# REQUIREMENT
From the line containing "100 Web Hosting Icons - Malibu Series" through the last line of the data, both ends included, write out every line exactly; omit the pictures.

# DATA EXCERPT
▽
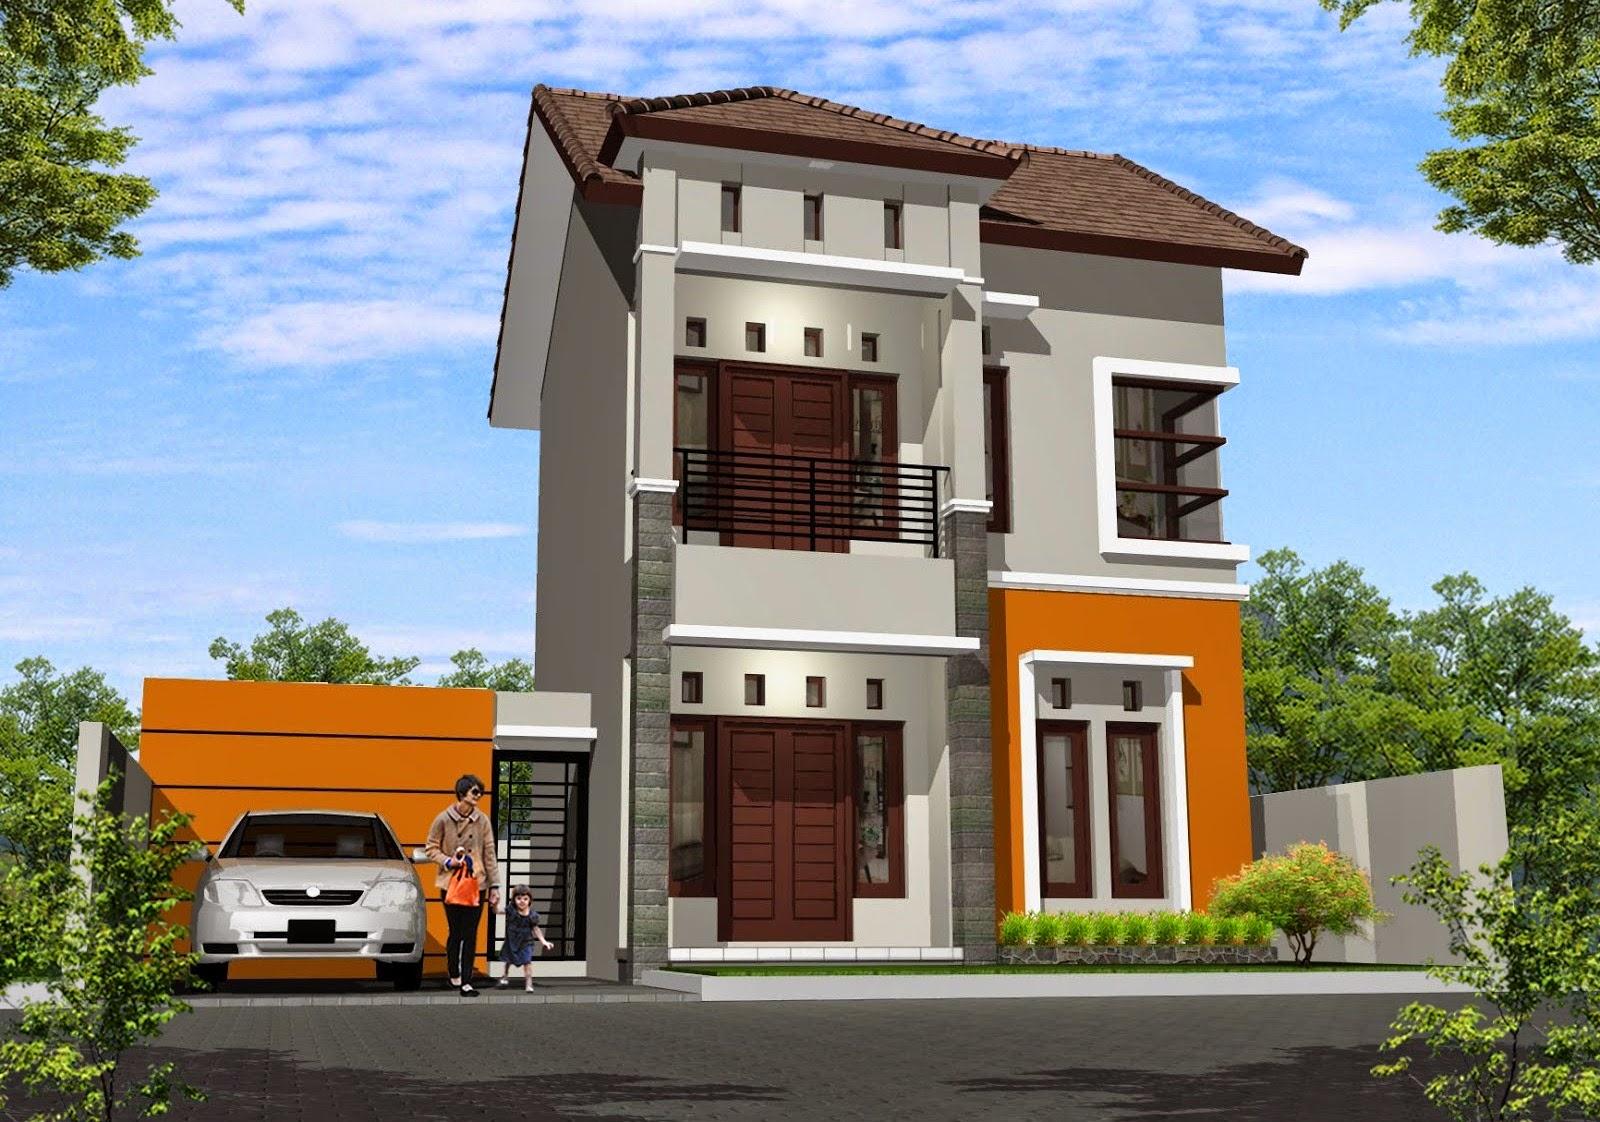 12 Desain Rumah Minimalis 2 Lantai Type 45 Paling Diminati
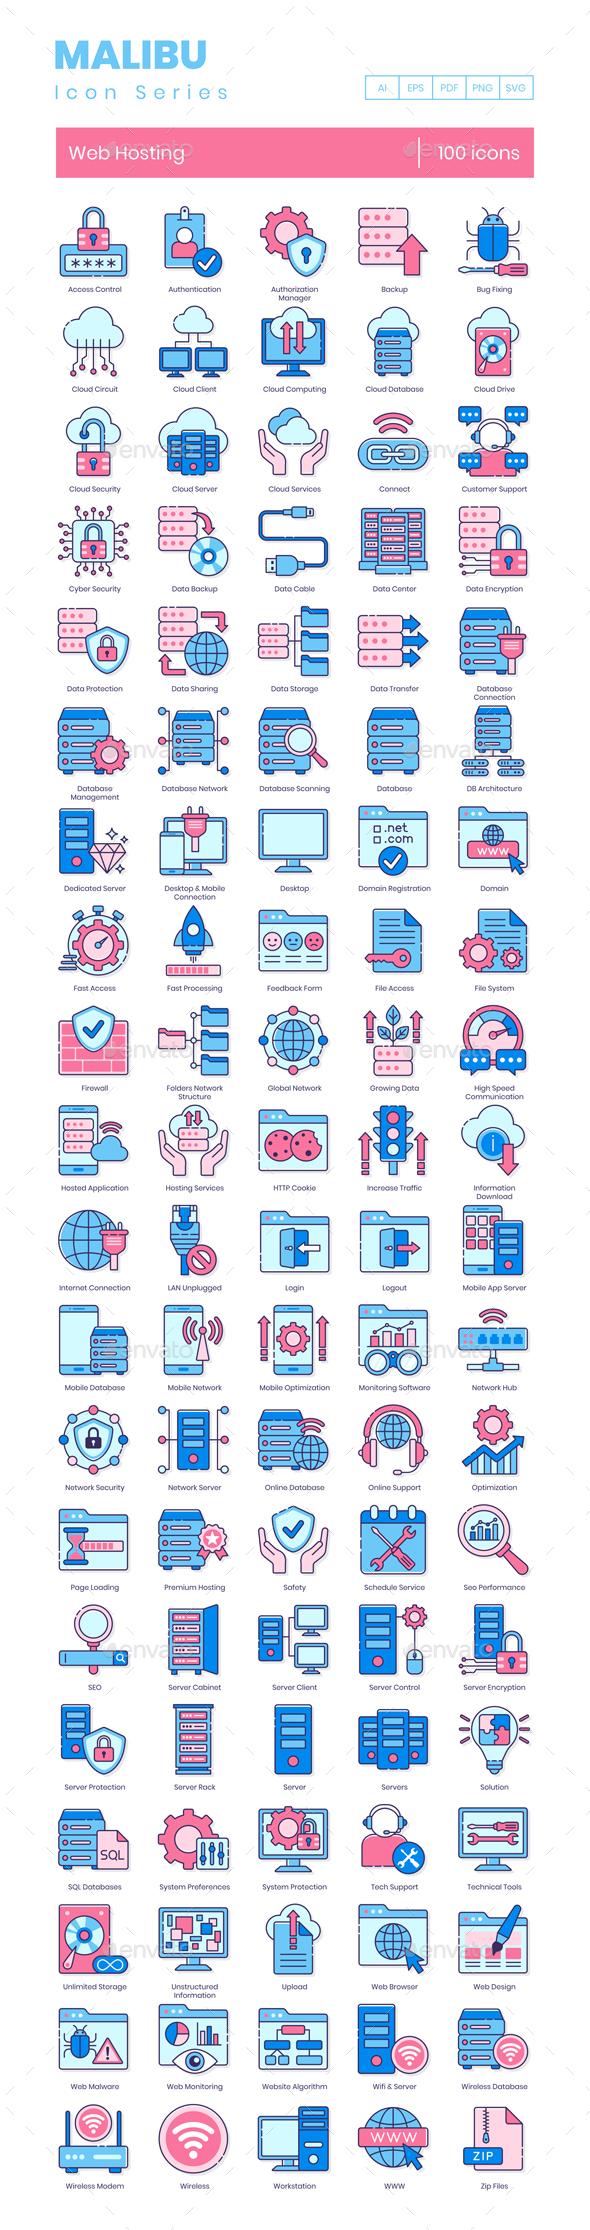 100 Web Hosting Icons - Malibu Series
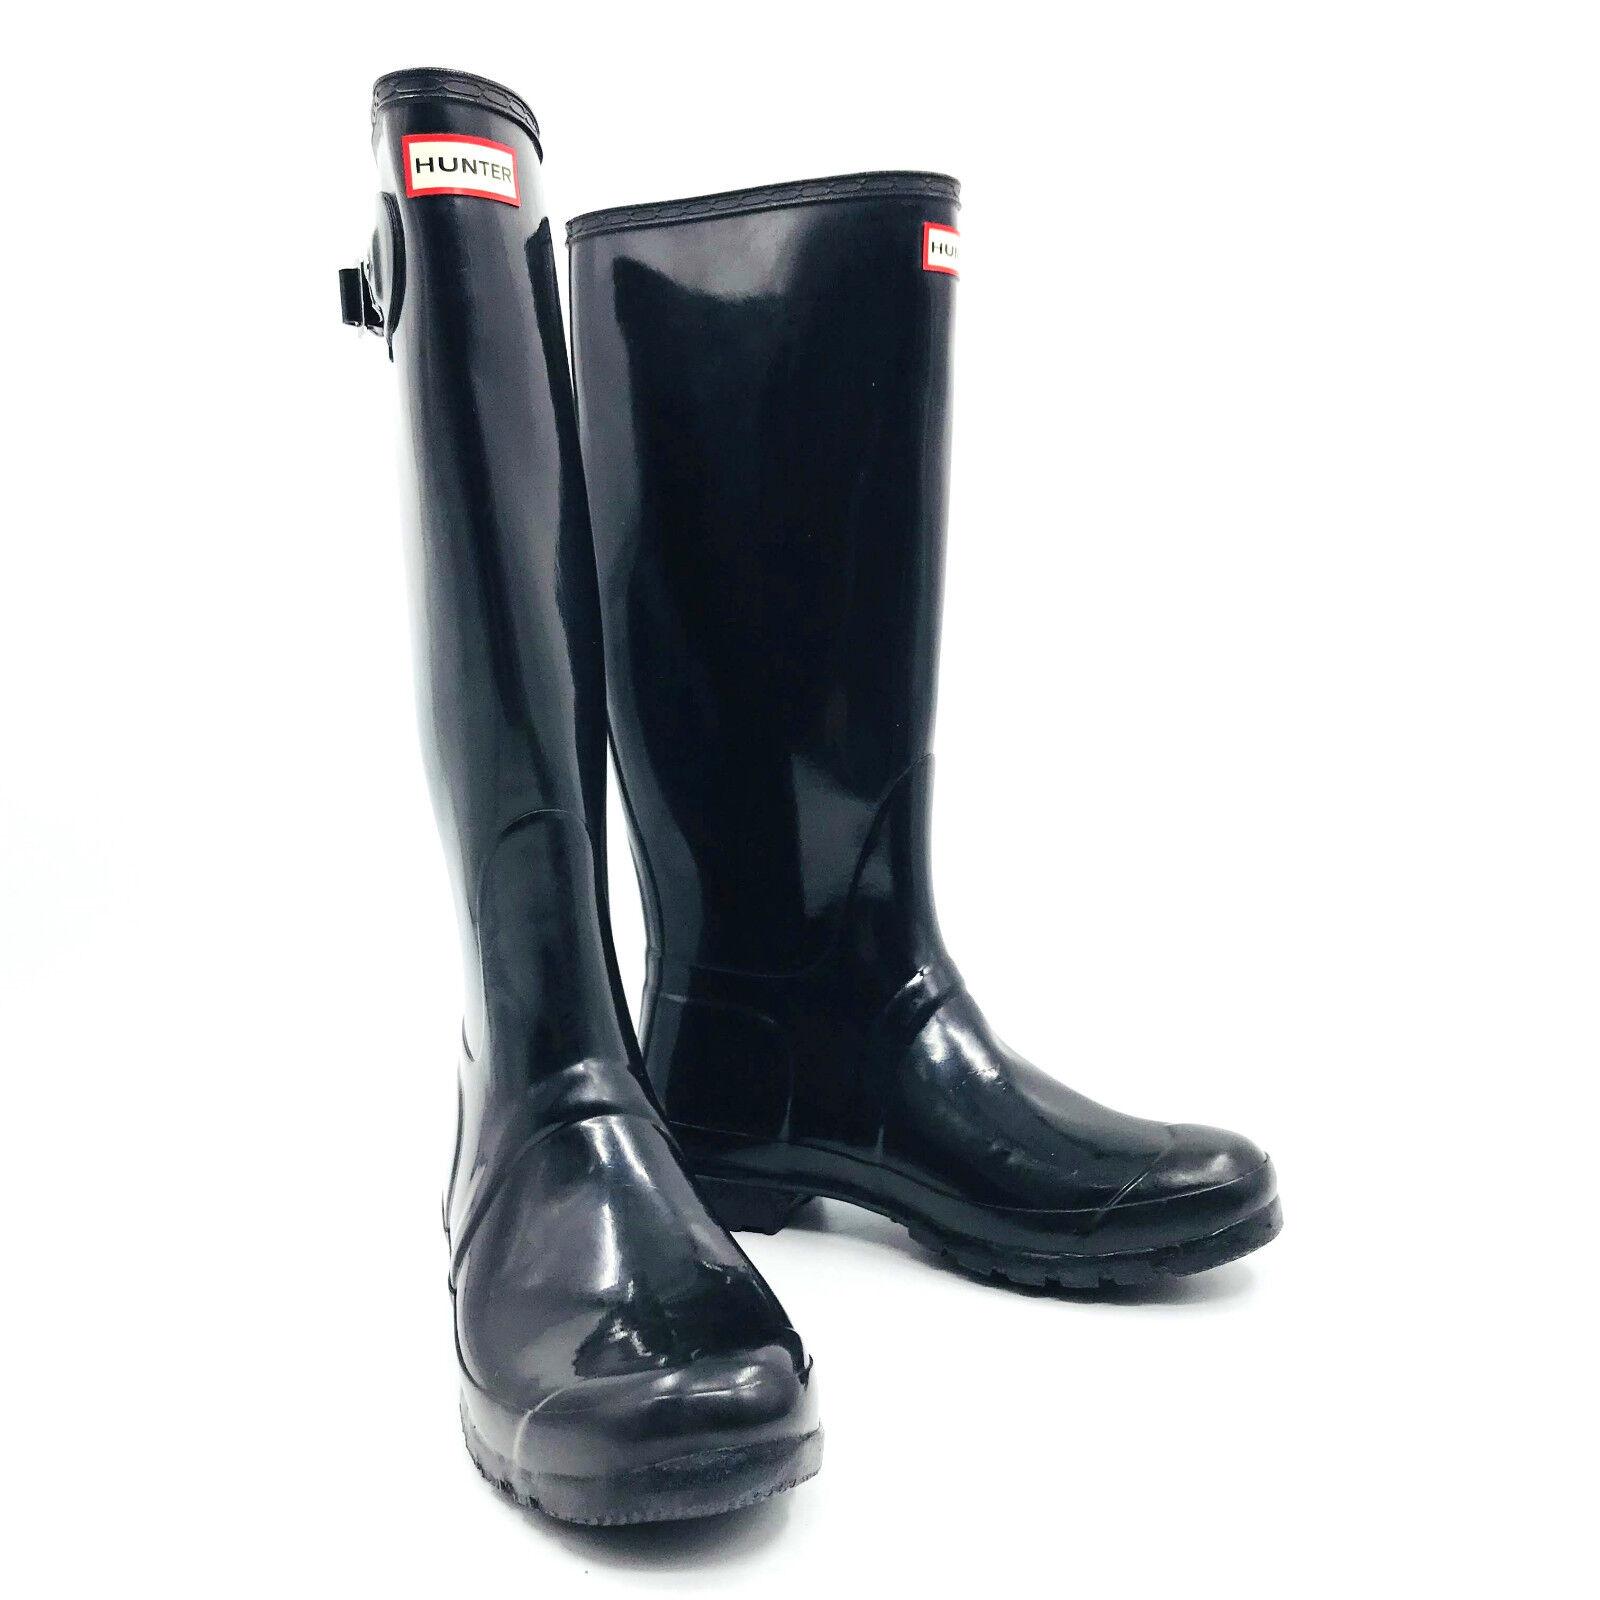 Hunter Original Tall Gloss Negro botas para mujer Talla Talla Talla 10-imperfección  deportes calientes
△
# SOLUTION TO THIS PROBLEM
 100 Web Hosting Icons - Malibu Series
 Hunter Original Tall Gloss Negro botas para mujer Talla Talla Talla 10-imperfección  deportes calientes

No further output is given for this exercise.